VMware Cloud Community
SBaldridge
Contributor
Contributor
Jump to solution

HA cluster failed over an ESX (why?)

This morning one of my ESX 3.5.0 hosts in a HA Cluster (VC2.5) failed and recovered immediately. The guests were vacated to other ESX which is good.
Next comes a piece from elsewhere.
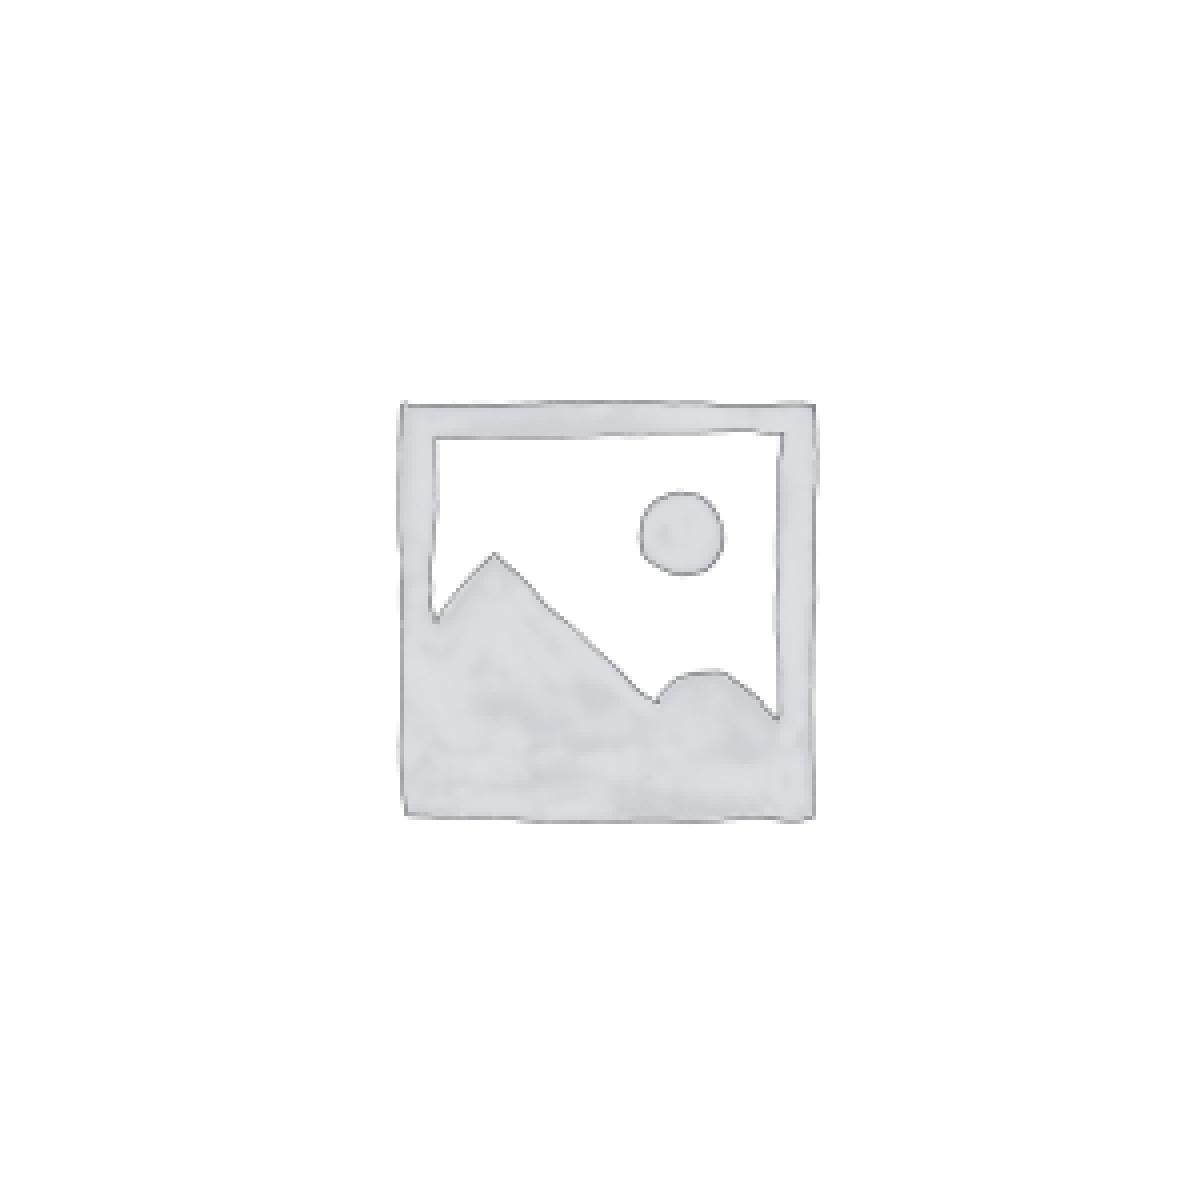 ใบตัดสแตนเลส NKK 5นิ้ว หนา 2 มม.

I'd like to learn more about why the host failed, where is the best place to look to see why the host was considered "failed"? We noticed a very brief connectivity loss but I'd like to be sure of why VC determined the host "went down".

Thanks!!

Scott

0 Kudos
1 Solution

Accepted Solutions
mikepodoherty
Expert
Expert
Jump to solution

On the host look in /var/log/vmware. vmkwarning and vmkernel are both logs that offer a good information that should help you track down the loss of communications.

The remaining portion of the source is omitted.